A screenshot of the KDE file manager Dolphin, showing a six of BBC Micro disc images and six python make files. There is a console window open at the bottom with the command ./moderato-make.py which is used to put PNG graphics into the disc images.
A single command puts the graphics in to a game file on a BBC Micro or Election 5¼” disc image

Back when I was originally working on these projects, I used to compile the Linux emulators for the BBC Micro and Acorn Electron from source, and the threads documenting the difficulties I experienced in doing this are still present on the StarDot Forums.

I’m too old (and too busy) to throw away a morning trying to put a library on a PATH variable. I was definitely up for finding for an easier way to install emulators on Linux and, amazingly, I found one.

Thanks to Alan Pope, Tom Seddon’s BBC Micro Emulator b2 (one of my favourite emulators due to the fact that it treats Linux as a first class citizen) is available as a Snap. And, to my delight, Tom Harte has made his ClockSignal emulator available as a Snap as well. ClockSignal is a fantastic multi-machine emulator which I use for emulating the Acorn Electron.

A scrreenshot of the menu screen of Repton The Lost Realms running under emulation in the emulator ClockSignal. The emulator is emulating composite video, so the colours are washed out, slightly blurry and there are coloured fringes around everything.
Clock Signal Composite mode is wonderfully nostalgic!

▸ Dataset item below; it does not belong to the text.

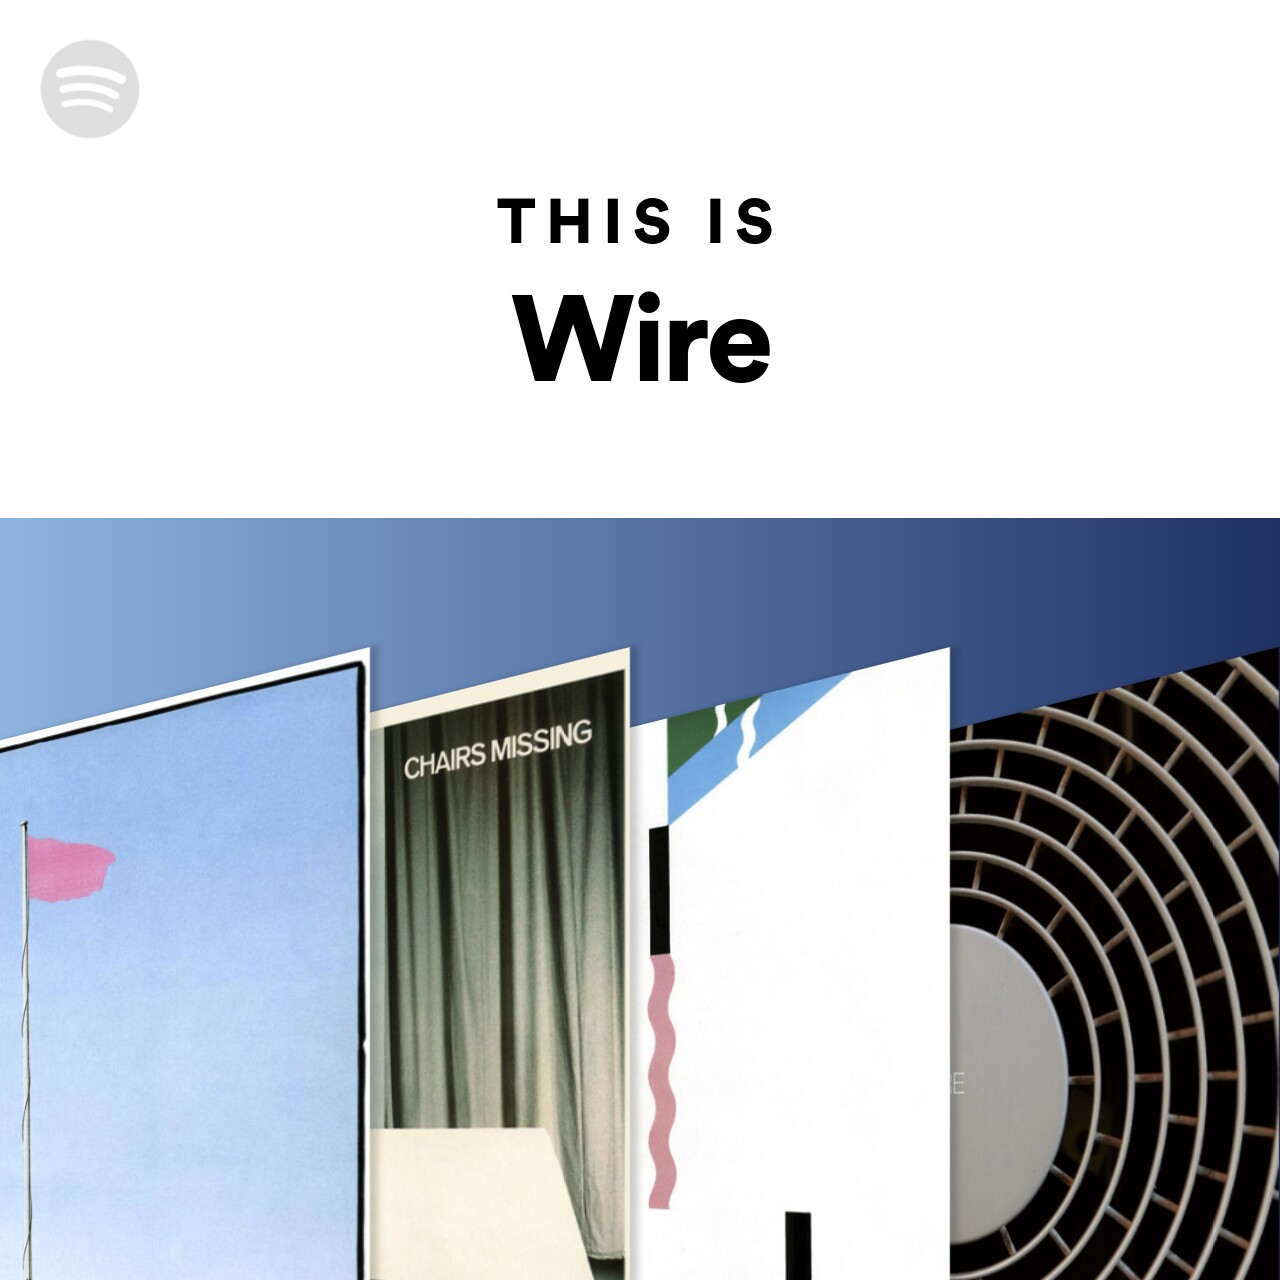 This Is Wire

I love ClockSignal as it has an insanely accurate emulation of Aztec PAL Modulator that was found in the BBC Micro and Acorn Electron so you can relive playing games through a coaxial UHF cable on a domestic television set.

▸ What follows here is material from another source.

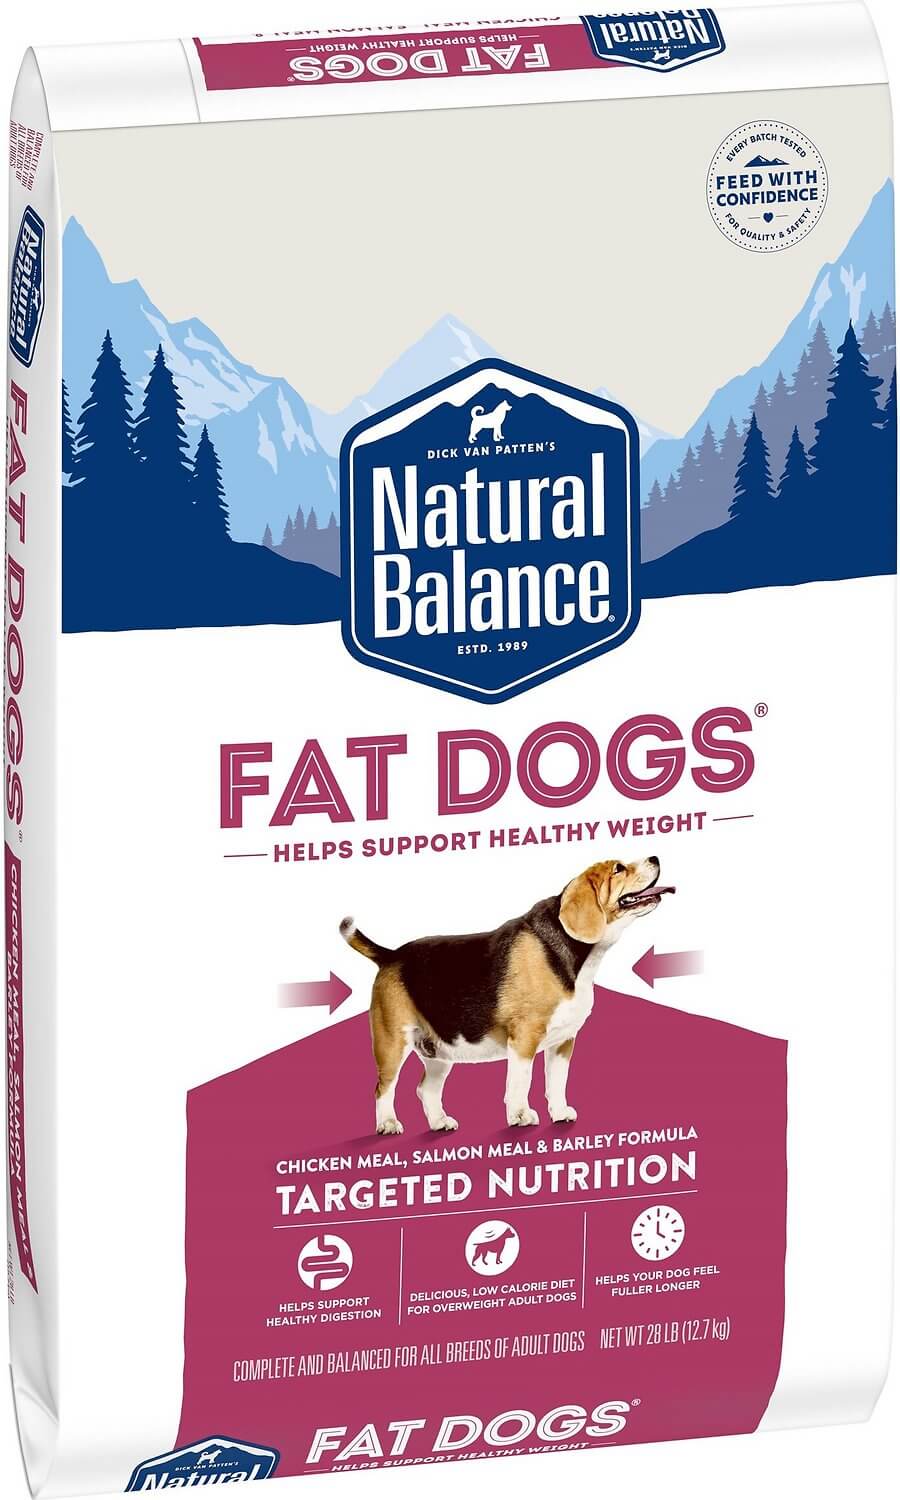 Natural Balance Fat Dogs Review (Dry)

As always, it’s the Acorn Electron graphics that take a huge amount of time to create. I tend to create the graphics for the BBC Micro version and then try and create smaller versions for the Acorn Electron. Doing this takes a long time, and a lot of trial and error.

A screenshot of Screen A of the level set Vivace in the game Repton The Secret Realms. The screenshot is running in the ClockSignal emulator, with S-Video emulation, so the colours are slightly washed out.
An Acorn Electron Repton The Secret Realms screenshot taken in Clock Signal, with S-Video emulation

I haven’t yet started work on the cover art or packaging for the game. I have a cover art concept in mind, and will start working on it when I have completely finished the game graphics and level design.

A screenshot of the BBC Micro emulator b2 running screen D of the level set Moderato from Repton The Secret Realms. Repton is in the middle of a long passageway with balloons, rocks and diamonds in the rooms to his left and right.
The finished result: a level that I designed in 2010 running in the b2 emulator

At the moment it’s not clear how many level sets the finished release will have, or when the release will actually take place. However, the project is most definitely under active development and looks set to have a physical release on cassette, 5¼” disc and 3½” disc for the BBC Micro and Acorn Electron. It has the blessing of Superior Interactive and I’ll post updates here as things progress.

Many thanks to Michael S. Repton and Katie Roseine for their help and encouragement in getting this project back on the rails and to Dave Moore and Richard Hanson for their encouragement.